L’économie de sites musicaux comme My Space ou Deezer semble aussi on ne peut plus fragile: Etranglés par les majors, elles-mêmes en panne de croissance, qui exigent des droits d’auteurs de plus en plus lourds, (My Space reverse quelques 2 millions de dollars par semaine aux principales maisons disques), ces plate-formes tiendront-elles longtemps? Rien n’est moins sûre et beaucoup tablent sur leurs disparitions, à terme.

Dans le domaine des médias plus classiques, cette-fois-ci, l’effondrement de la presse quotidienne Américaine relève du Tsunami : pas un jour sans qu’un grand journal n’affaisse les voiles.
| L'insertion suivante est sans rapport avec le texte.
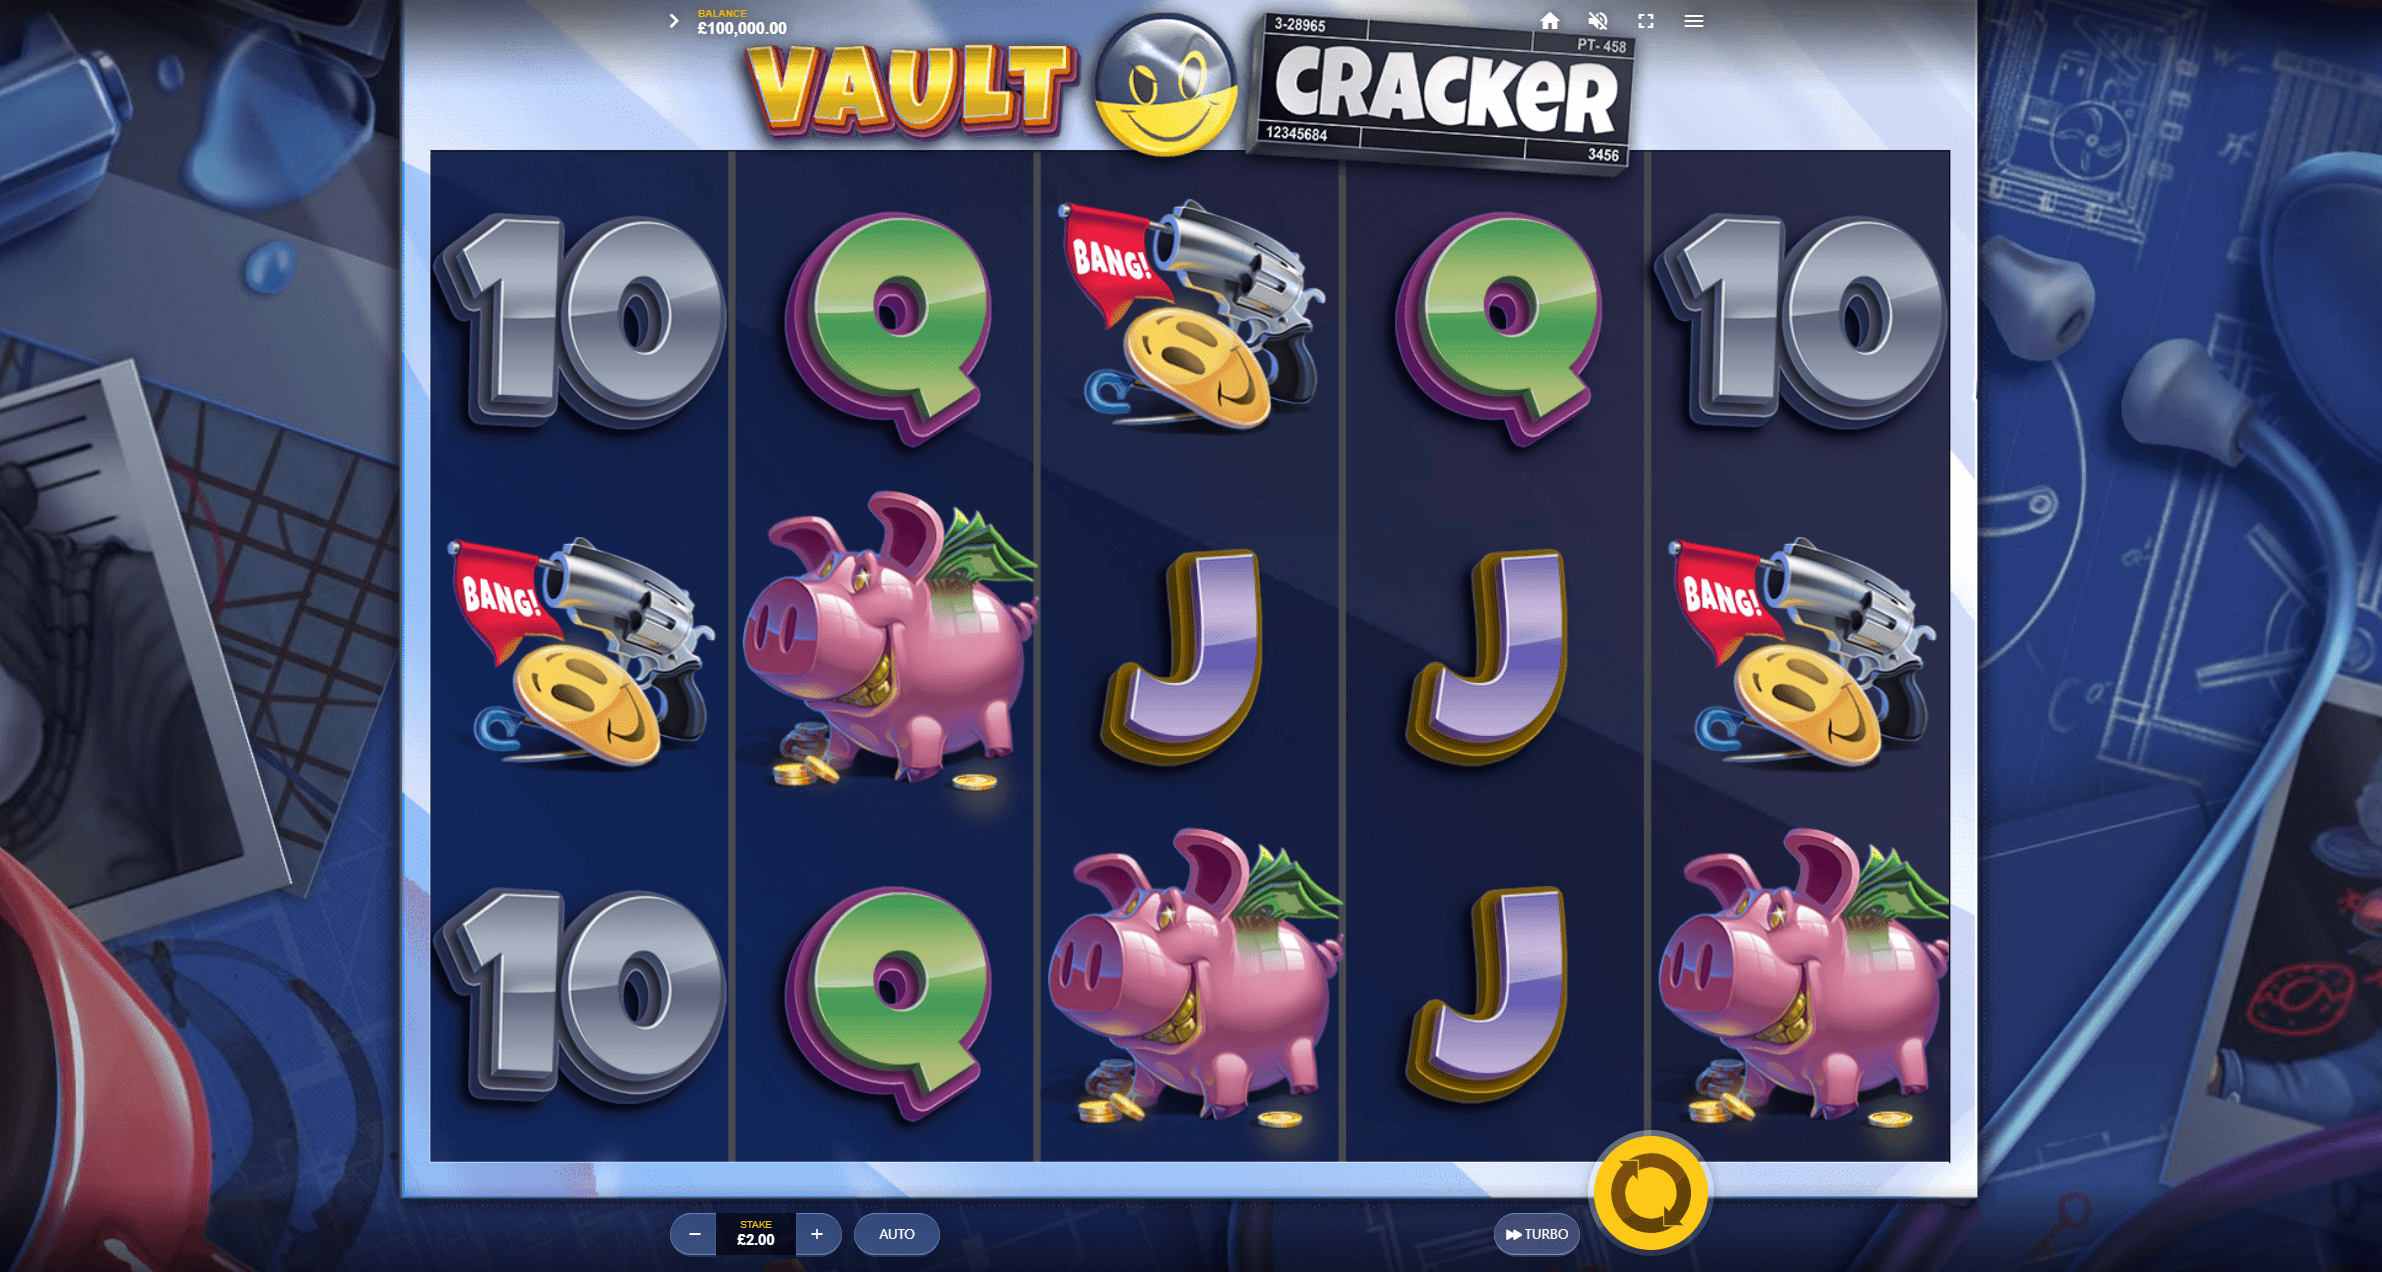 Vault Cracker slot

Plus d’une vingtaine de grands quotidiens américains ont jeté l’éponge depuis le début de l’hivers et les perspectives sont moroses. De ce coté-ci de l’Atlantique, rien de très vaillant non plus. Difficultés croissantes de la presse gratuite en Europe et en France, où il y aura de nombreux morts, ( cela a démarré en Espagne), crise de la presse quotidienne avec des carambolages en vue, à l’horizon, (Libération, France Soir, L’Humanité, voire Le Monde…) et fin de cycle pour certains médias qui n’ont pas su trouver de relais de croissance.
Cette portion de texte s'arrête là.